**WORK TO COMPLETE:** All of the data below is to be repeated exactly, except for the pictures.

**MATERIAL PROVIDED:**
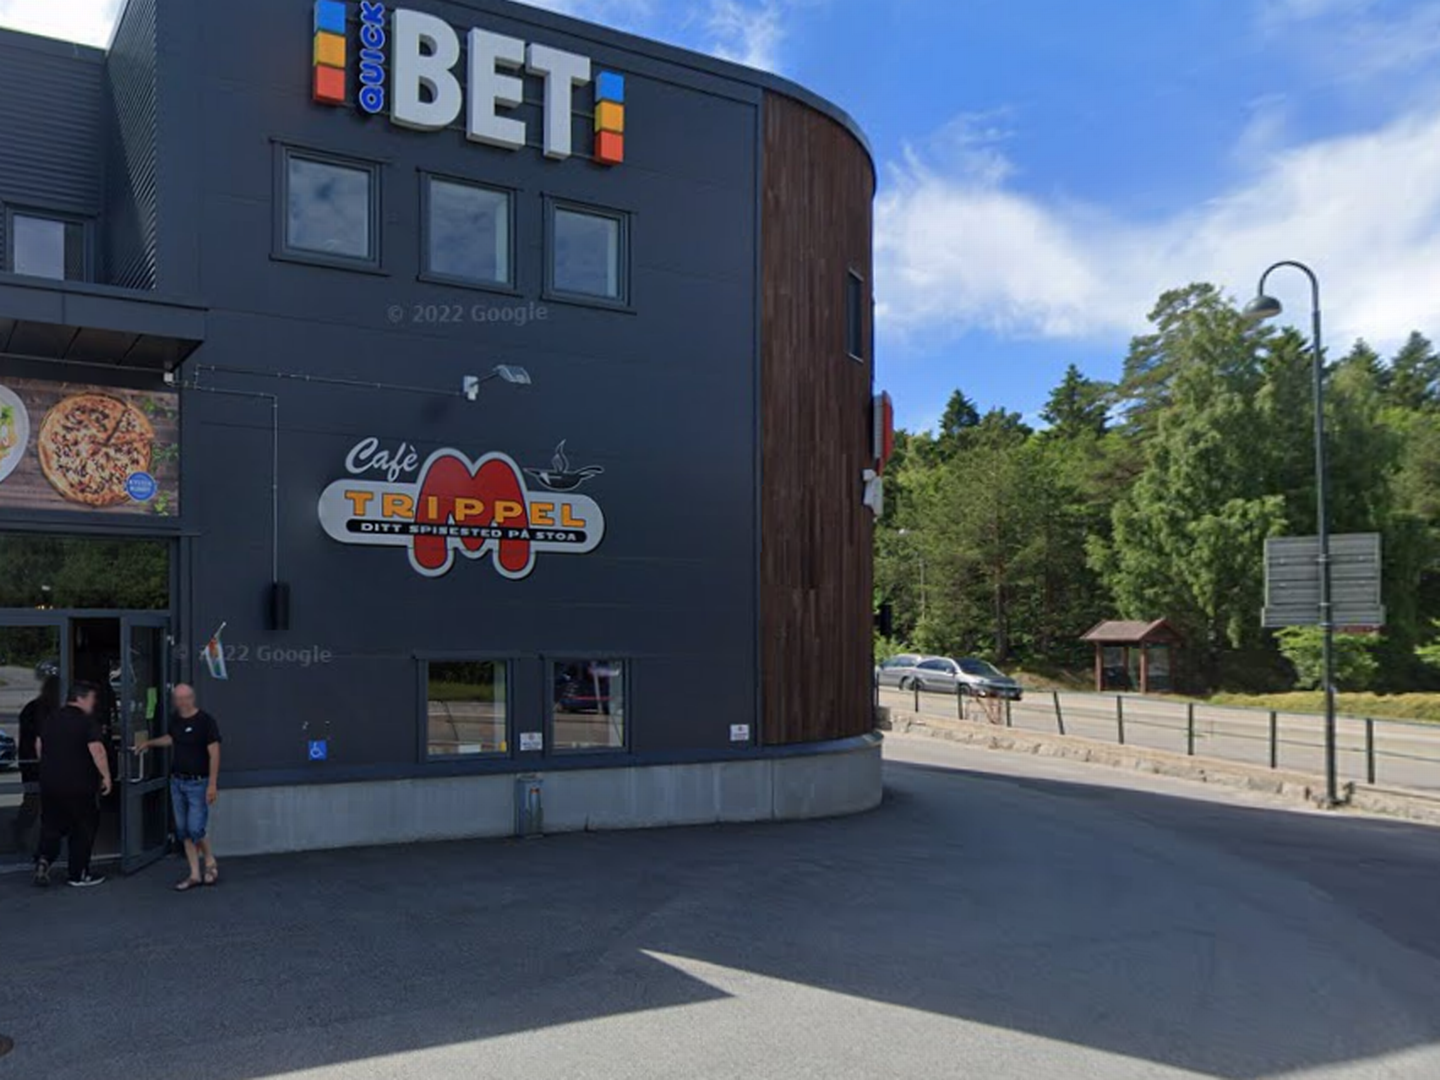 BUTIKKLOKALER: En ny butikk kommer inn i de gamle lokalene til Meny på Stoa i Åsbieveien 2 i Arendal. | Foto: Google Street View
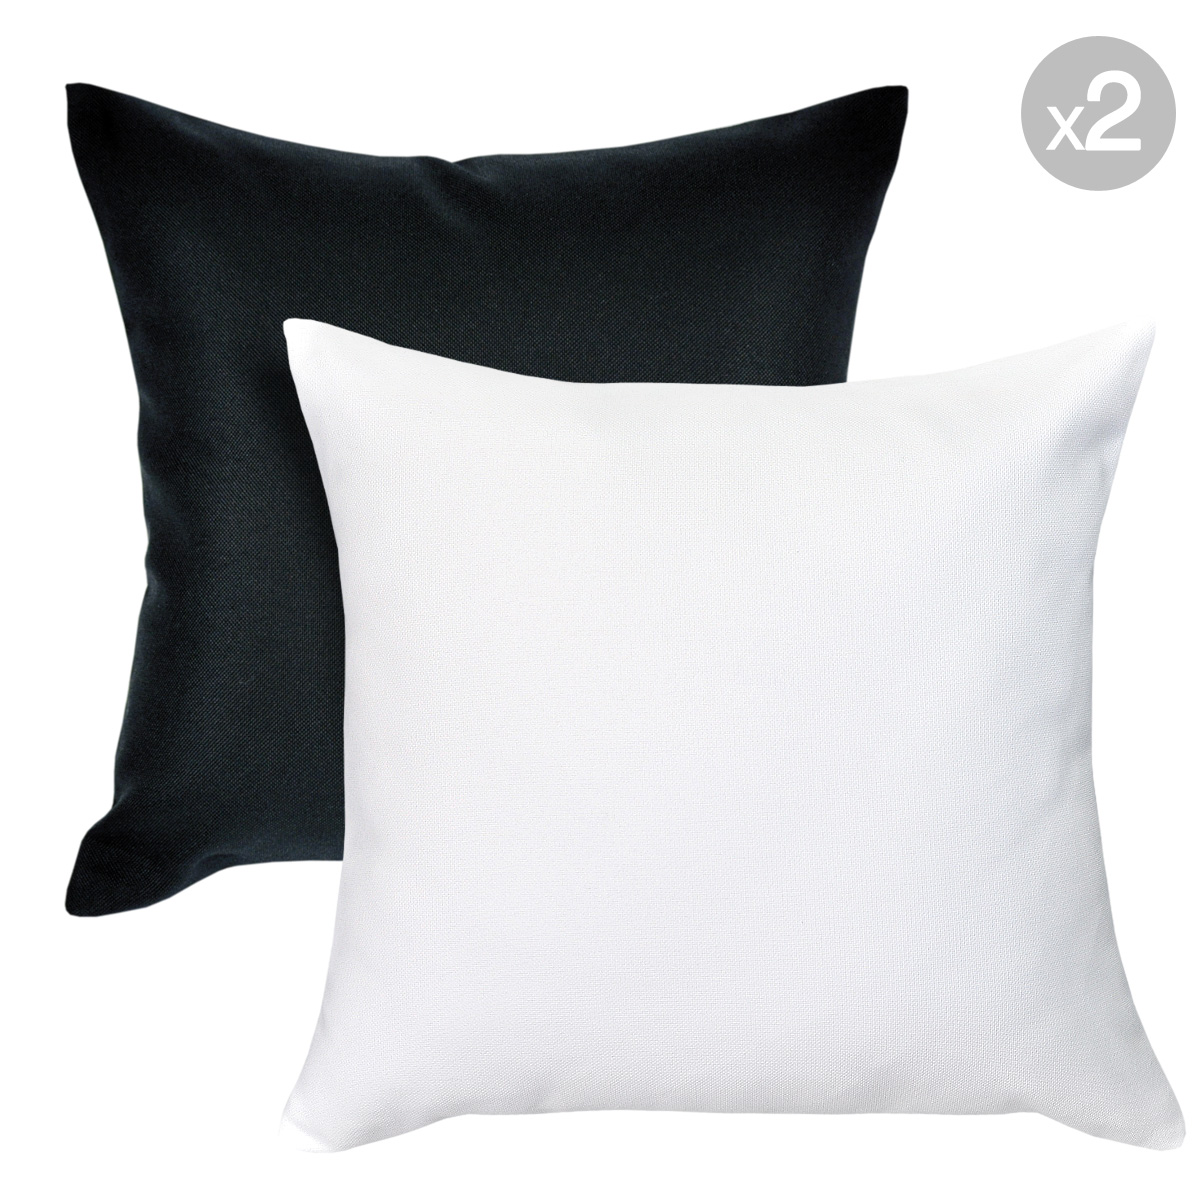 Kona Ash + Kona Cloud Outdoor Cushions - 45x45cm
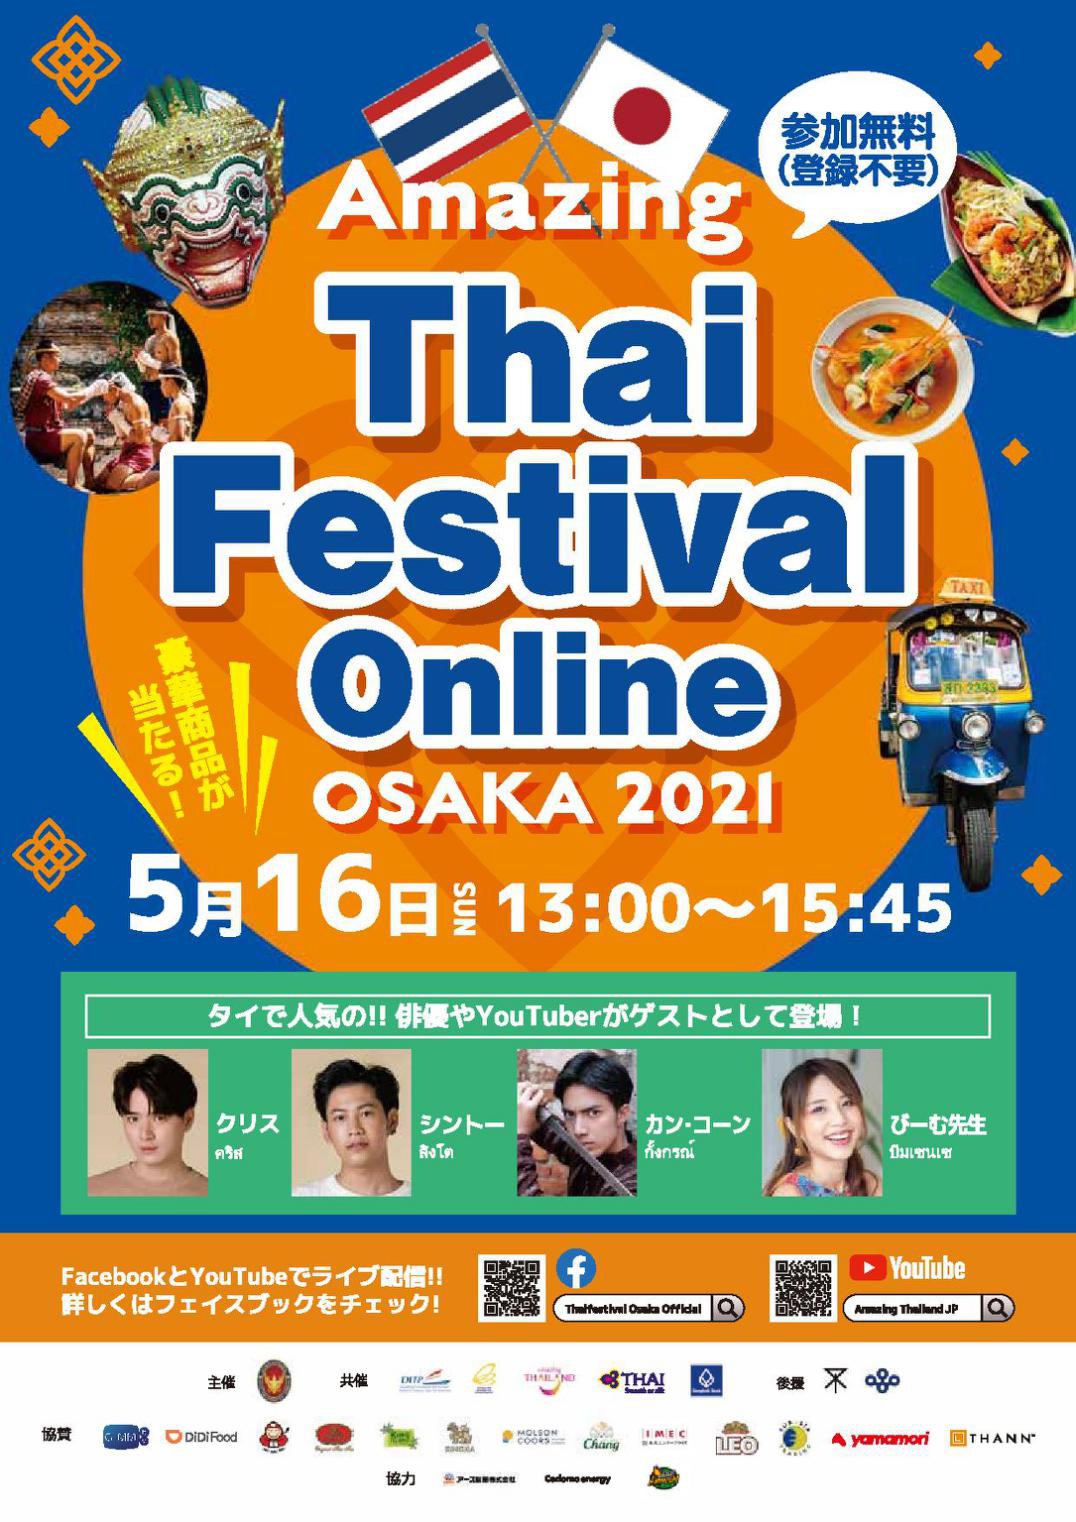 Thai_Festival_Online_Osaka_2021_Poster

**REPLY TO THE EXERCISE:**
 BUTIKKLOKALER: En ny butikk kommer inn i de gamle lokalene til Meny på Stoa i Åsbieveien 2 i Arendal. | Foto: Google Street View
 Kona Ash + Kona Cloud Outdoor Cushions - 45x45cm
 Thai_Festival_Online_Osaka_2021_Poster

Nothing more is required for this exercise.